The aged Man   Had placed his staff across the broad smooth stone   That overlays the pile; and, from a bag   All white with flour, the dole of village dames,  He drew his scraps and fragments, one by one;  And scanned them with a fixed and serious look  Of idle computation.

In the sun,  Upon the second step of that small pile,  Surrounded by those wild, unpeopled hills,  He sat, and ate his food in solitude:  And ever, scattered from his palsied hand,  That, still attempting to prevent the waste,  Was baffled still, the crumbs in little showers  Fell on the ground; and the small mountain birds  Not venturing yet to peck their destined meal,

Approached within the length of half his staff.  Him from my childhood have I known; and then  He was so old, he seems not older now;  He travels on, a solitary Man,  So helpless in appearance, that from him  The sauntering Horseman throws not with a slack  And careless hand his alms upon the ground,  But stops,—that he may safely lodge the coin  Within the old Man's hat; nor quits him so,  But still, when he has given his horse the rein,  Watches the aged Beggar with a look  Sidelong, and half-reverted.

She who tends  The toll-gate, when in summer at her door  She turns her wheel, if on the road she sees  The aged Beggar coming, quits her work,  And lifts the latch for him that he may pass.  The post-boy, when his rattling wheels o'ertake  The aged Beggar in the woody lane,  Shouts to him from behind; and if, thus warned,  The old Man does not change his course, the boy  Turns with less noisy wheels to the roadside,  And passes gently by, without a curse  Upon his lips, or anger at his heart.  He travels on, a solitary Man;  His age has no companion.

On the ground  His eyes are turned, and, as he moves along,  They move along the ground; and, evermore,  Instead of common and habitual sight  Of fields, with rural works, of hill and dale,  And the blue sky, one little span of earth  Is all his prospect.

Thus, from day to day,  Bow-bent, his eyes forever on the ground,  He plies his weary journey; seeing still,  And seldom knowing that he sees, some straw,  Some scattered leaf, or marks which, in one track,  The nails of cart or chariot-wheel have left  Impressed on the white road,—in the same line,  At distance still the same.

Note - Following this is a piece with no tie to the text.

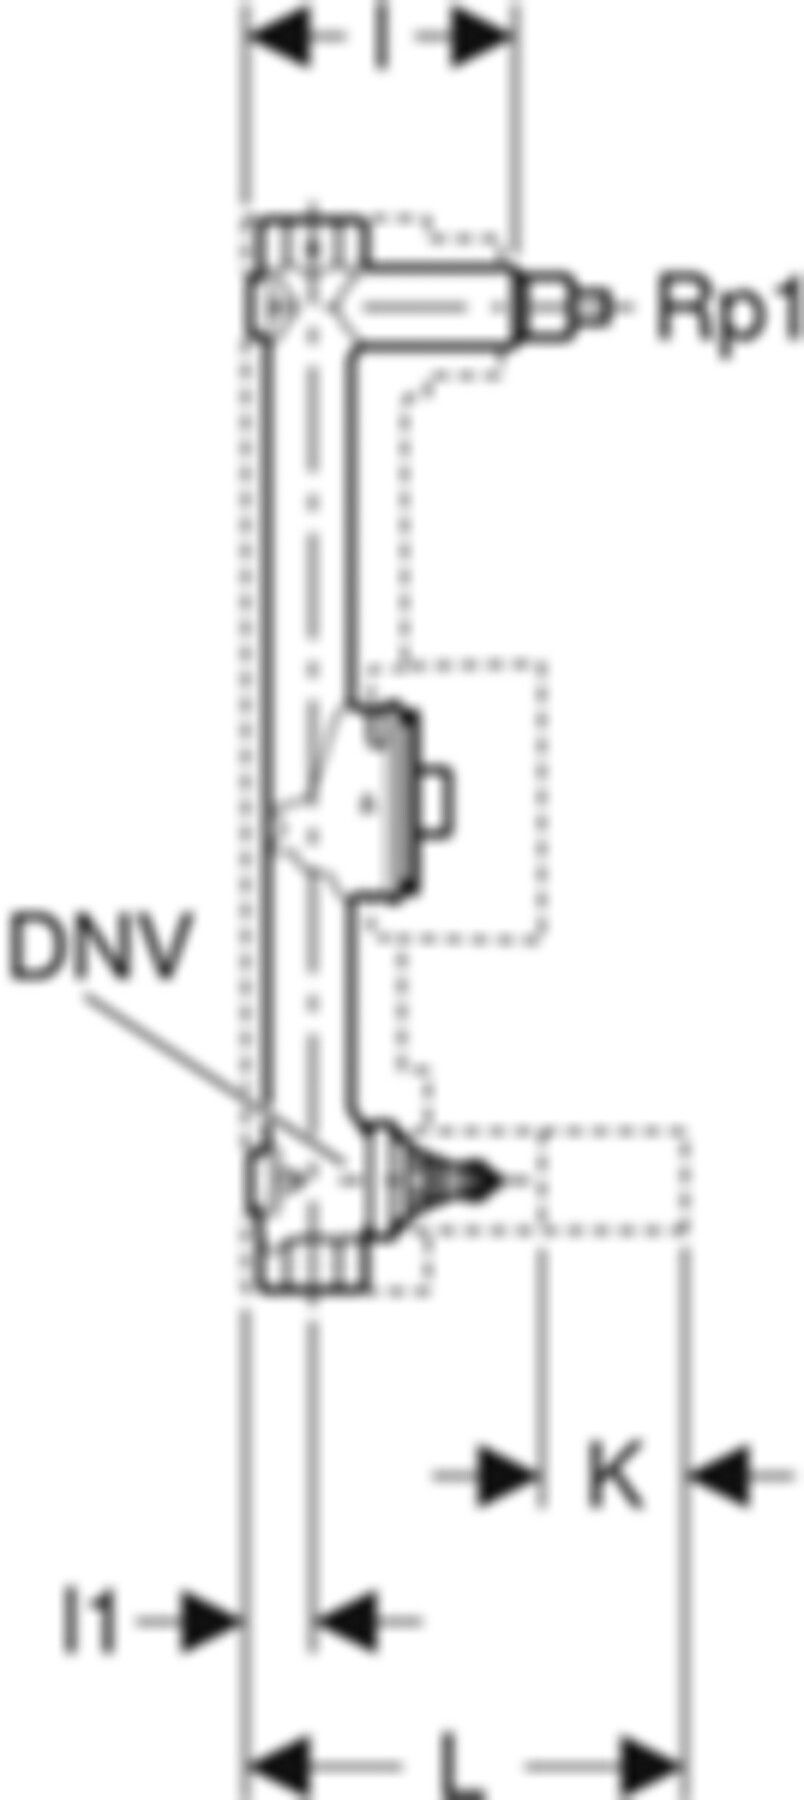 Wasserzählerstrecke 3/4" 603.098.21.1 mit UP-Ventil und Anschluss-T-Stück - Geberit Systemventile / Armaturen

Poor Traveller!  His staff trails with him; scarcely do his feet  Disturb the summer dust; he is so still  In look and motion, that the cottage curs,  Ere he has passed the door, will turn away,  Weary of barking at him.

Boys and girls,  The vacant and the busy, maids and youths,  And urchins newly breeched—all pass him by:  Him even the slow-paced waggon leaves behind.  But deem not this Man useless.—Statesmen! ye  Who are so restless in your wisdom, ye  Who have a broom still ready in your hands  To rid the world of nuisances; ye proud,  Heart-swoln, while in your pride ye contemplate  Your talents, power, or wisdom, deem him not  A burden of the earth! 'Tis Nature's law  That none, the meanest of created things,  Of forms created the most vile and brute,  The dullest or most noxious, should exist  Divorced from good—a spirit and pulse of good,  A life and soul, to every mode of being  Inseparably linked.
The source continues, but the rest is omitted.